KIDS Issue 1080 · September 26, 2025

Newcomers 

Five women tackle new pages in their stories

Newcomers 

New.

It’s a word that can feel like a breath of fresh air…
or like standing on the edge of a cliff.
A town where no one knows your name.
A life built around the hum of learning.
A kitchen missing your mother’s hands.
A faith that deepens with every step.
A tiny bundle who will call you Bubby.
Five women open the door to their “new.” They speak of arrivals and upheavals, of stretching into spaces they’d never imagined, and of finding themselves again — physically, spiritually, and emotionally.
Because being a newcomer isn’t just about where you arrive.
It’s about who you become

 

Newcomer to Town:

A Story Without End

You’re moving where?

I stared at the boxes scattered across our living room floor, each one labeled with our destination — a town far off the radar of my dyed-in-the-wool East Coast friend from seminary.

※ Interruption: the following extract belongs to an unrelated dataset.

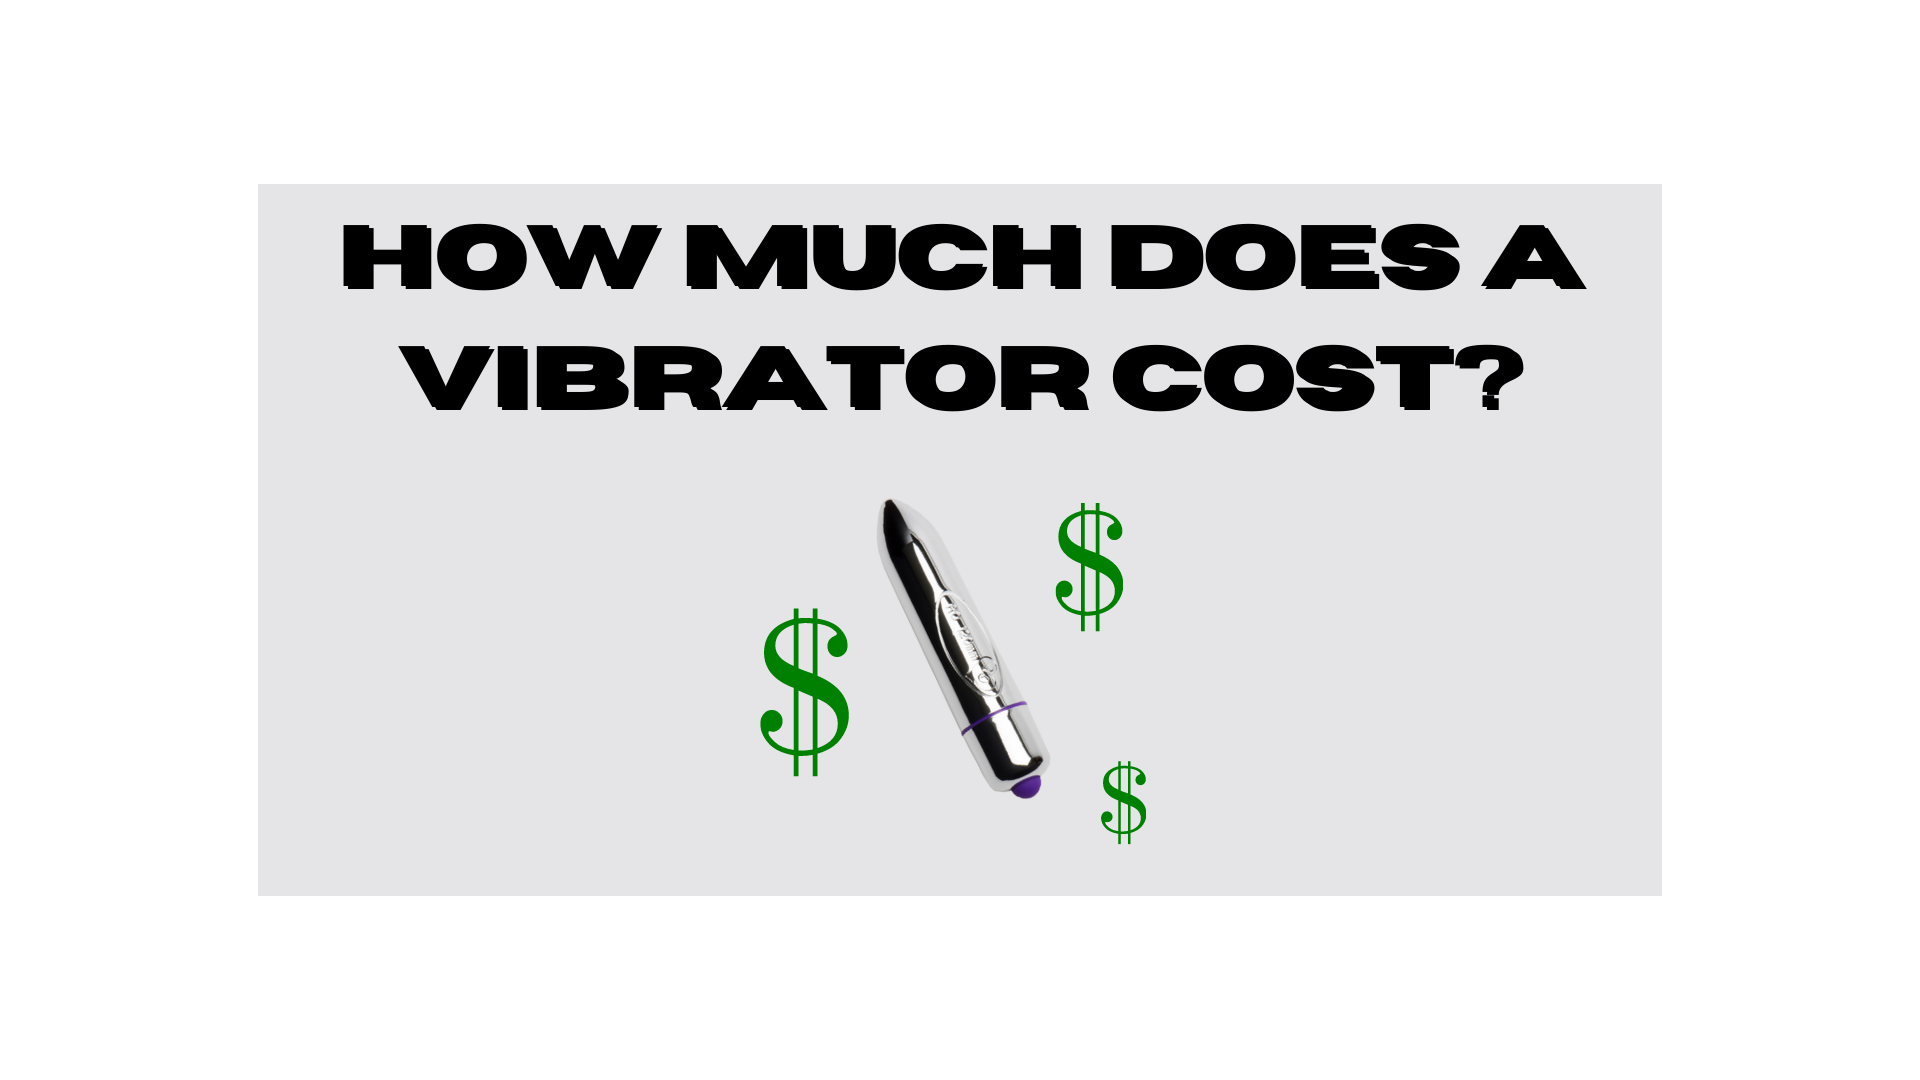 How much does a vibrator cost?

“I know it sounds crazy,” I said. It sounded crazy to me, too.

I’d always been the out-of-towner. Growing up in a smaller Jewish community, I knew I wanted to skip the hustle and grind and crowded developments where so many of my friends found themselves. Fortunately, my husband felt the same way. Not long after our wedding, we relocated to a midsize Jewish community where, for ten glorious years, I knew what it felt like to belong.

It was a comfortable round of Neshei events, the shul Melaveh Malkah, and young families who lived nearby (but not on top of each other). As an eighth-grade mechaneches, standing in front of my students every morning gave me the depth of purpose I craved.